Ar⁵ is the same as Ar¹ or Are described above. Preferred is a substituted or unsubstituted aromatic hydrocarbon group having 6 to 18 carbon atoms, or a substituted or unsubstituted linked aromatic group in which two to three of the aromatic hydrocarbon groups are linked to each other, and more preferred is an unsubstituted aromatic hydrocarbon group having 6 to 12 carbon atoms, or a substituted or unsubstituted linked aromatic group in which two to three of the aromatic hydrocarbon groups are linked to each other.

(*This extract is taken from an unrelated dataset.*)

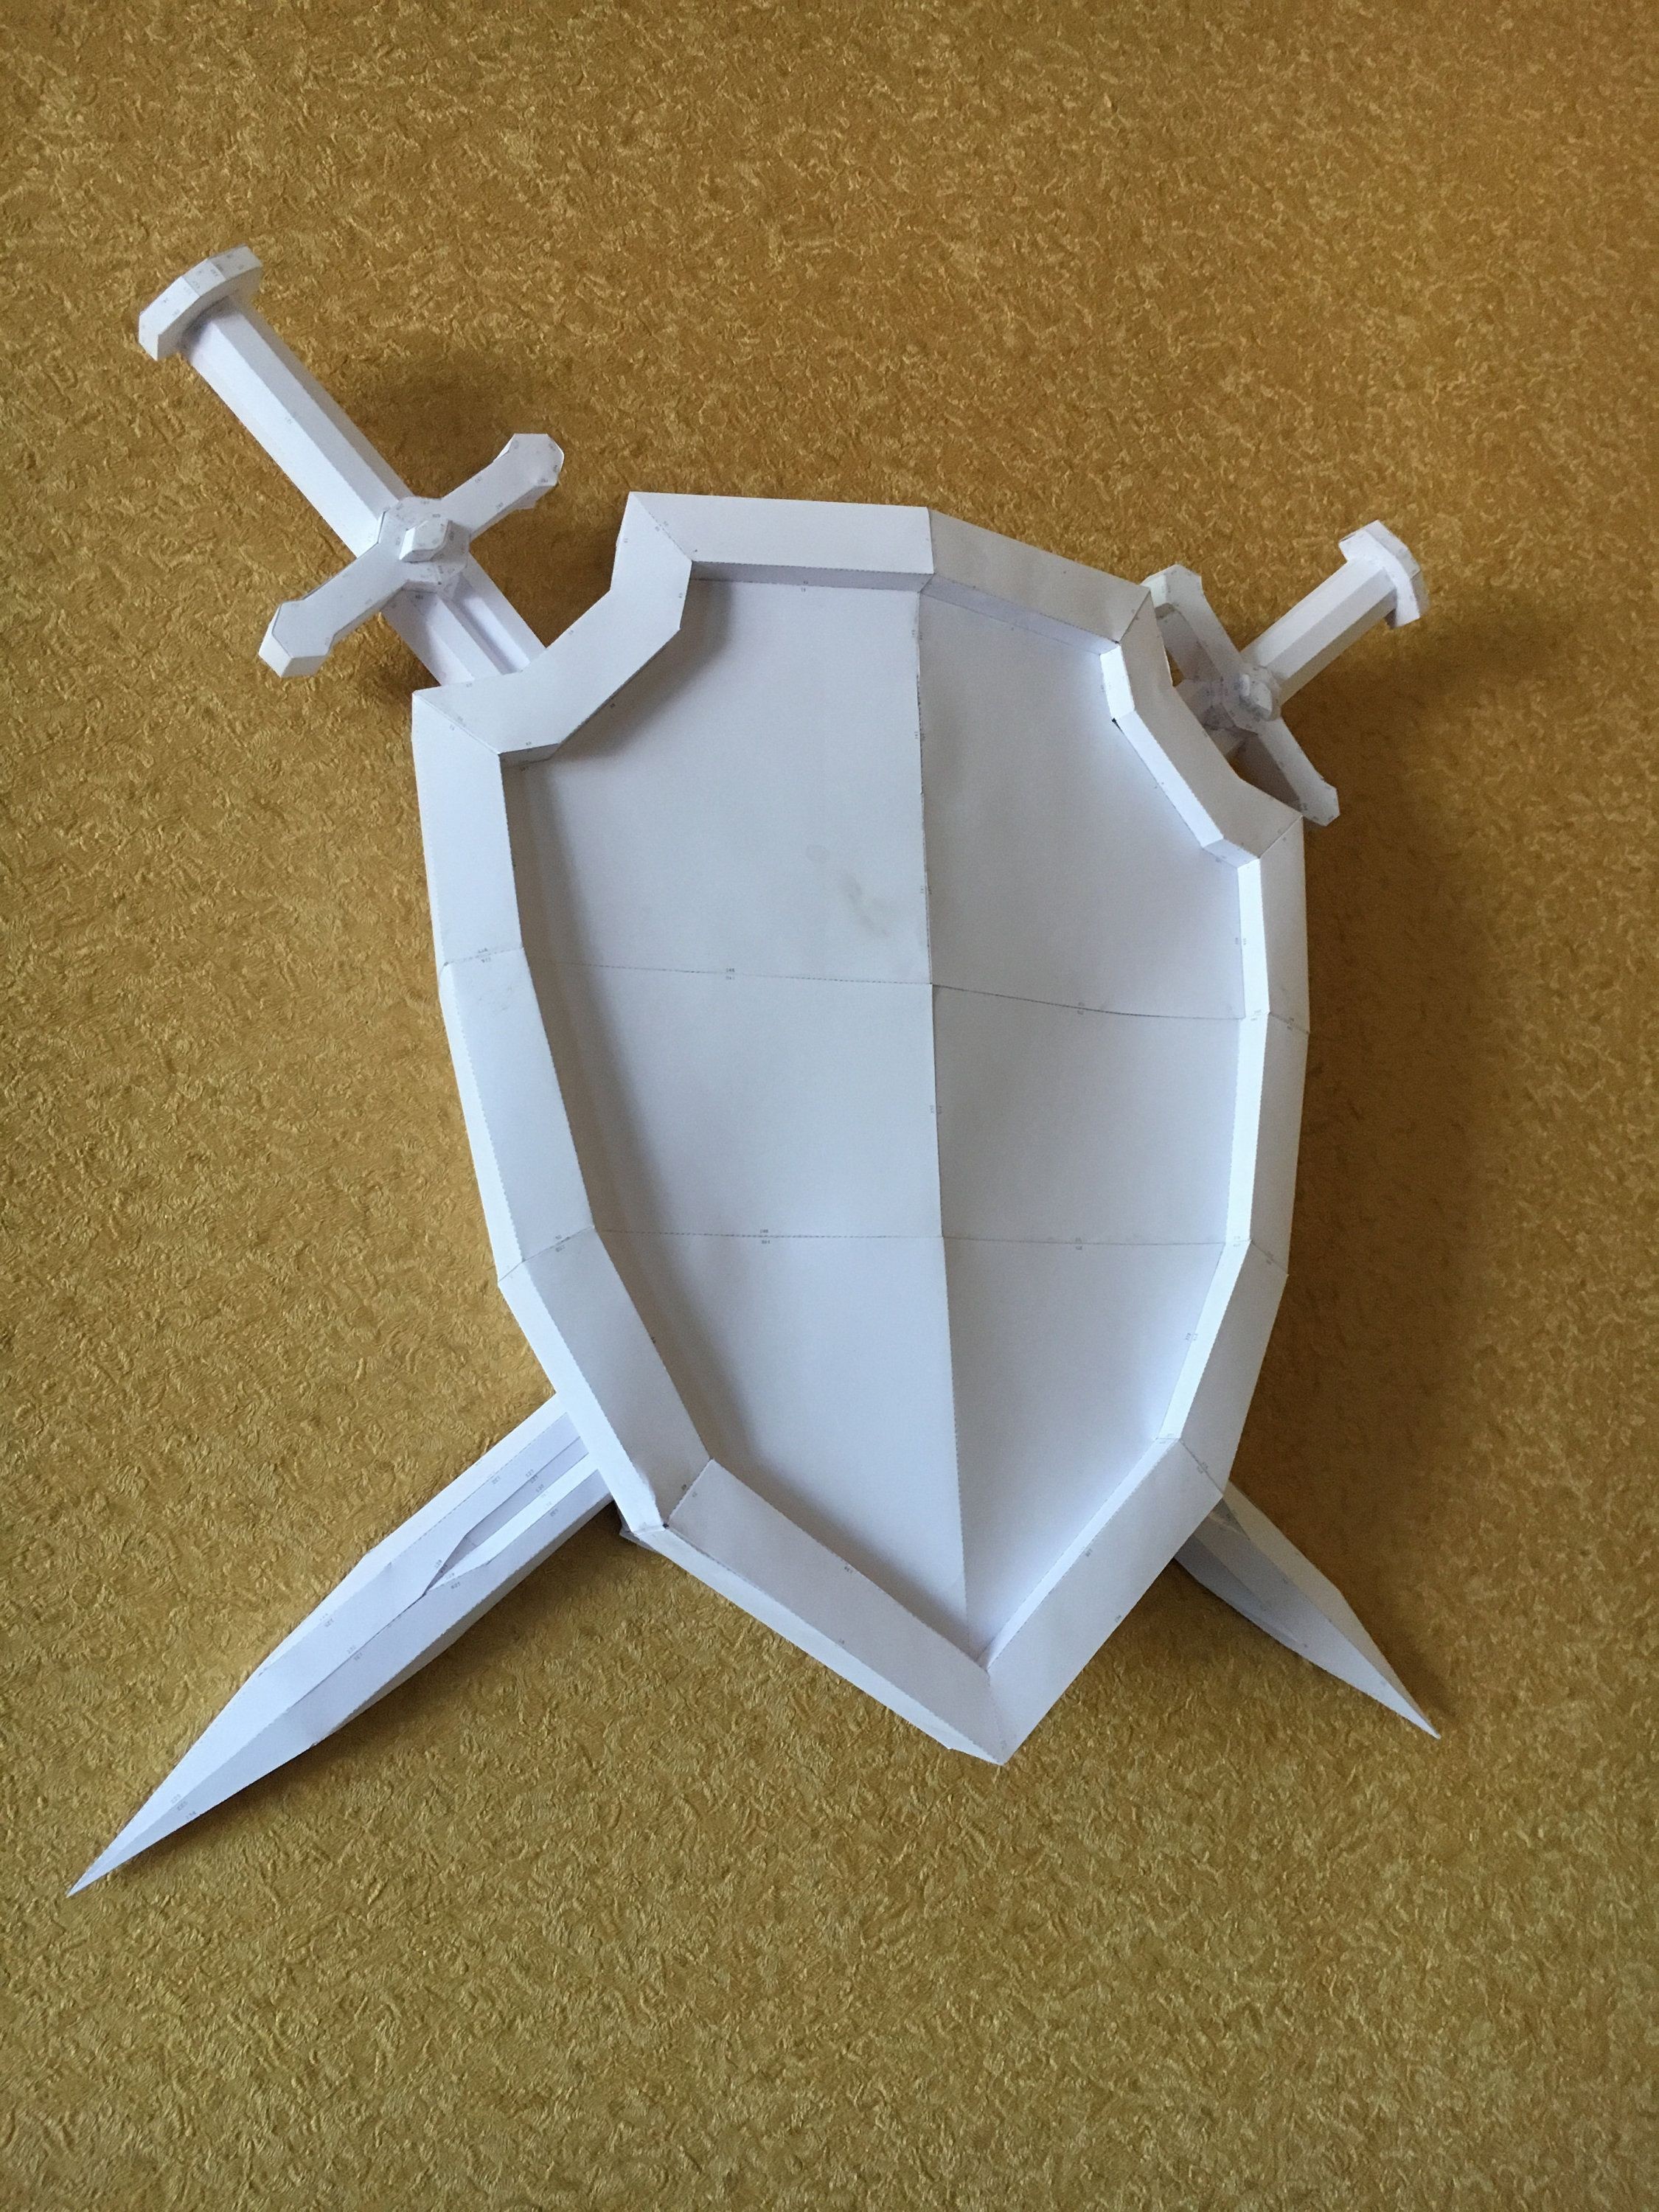 Papercraft Human Sword Shield Diy Papercraft Model ÐÑÐ¼Ð°Ð¶Ð½ÑÐµ Ð¸Ð·Ð´ÐµÐ Ð¸Ñ

Specific examples of the unsubstituted aromatic hydrocarbon group having 6 to 18 carbon atoms, the unsubstituted aromatic heterocyclic group having 3 to 18 carbon atoms, or the linked aromatic group in which two to five of these aromatic rings are linked to each other include a group generated by removing one hydrogen from benzene, naphthalene, acenaphthene, acenaphthylene, azulene, anthracene, chrysene, pyrene, phenanthrene, fluorene, triphenylene, pyridine, pyrimidine, triazine, thiophene, isothiazole, thiazole, pyridazine, pyrrole, pyrazole, imidazole, triazole, thiadiazole, pyrazine, furan, isoxazole, quinoline, isoquinoline, quinoxaline, quinazoline, thiadiazole, phthalazine, tetrazole, indole, benzofuran, benzothiophene, benzoxazole, benzothiazole, indazole, benzimidazole, benzotriazole, benzisothiazole, benzothiadiazole, purine, pyranone, coumarin, isocoumarin, chromone, dibenzoselenophene, dibenzofuran, benzofuropyridine, benzofuropyrimidine, dibenzothiophene, benzothienopyridine, benzothienopyrimidine, carbazone, pyridoindole, indolocarbazole, benzofurocarbazone, benzothienocarbazone, or compounds in which two to five of these are linked to each other. Preferred examples thereof include a group generated by removing one hydrogen from benzene, naphthalene, phenanthrene, fluorene, triphenylene, dibenzofuran, benzofuropyridine, benzofuropyrimidine, dibenzothiophene, benzothienopyridine, benzothienopyrimidine, carbazone, pyridoindole, indolocarbazole, benzofurocarbazone, benzothienocarbazone, or compounds in which two to three of these are linked to each other. More preferred examples thereof include a group generated by removing one hydrogen from benzene, dibenzofuran, dibenzothiophene, carbazone, or compounds in which two to three of these are linked to each other.

R³ and R⁴ each independently represent deuterium, an aliphatic hydrocarbon group having 1 to 10 carbon atoms, a substituted or unsubstituted aromatic hydrocarbon group having 6 to 18 carbon atoms, or a substituted or unsubstituted aromatic heterocyclic group having 3 to 17 carbon atoms. Preferred is a substituted or unsubstituted aromatic hydrocarbon group having 6 to 18 carbon atoms, and more preferred is a substituted or unsubstituted aromatic hydrocarbon group having 6 to 12 carbon atoms.

R⁵ and R⁶ each independently represent hydrogen, an aliphatic hydrocarbon group having 1 to 10 carbon atoms, a substituted or unsubstituted aromatic hydrocarbon group having 6 to 18 carbon atoms, or a substituted or unsubstituted aromatic heterocyclic group having 3 to 17 carbon atoms, and these groups may be bound to each other to form a ring.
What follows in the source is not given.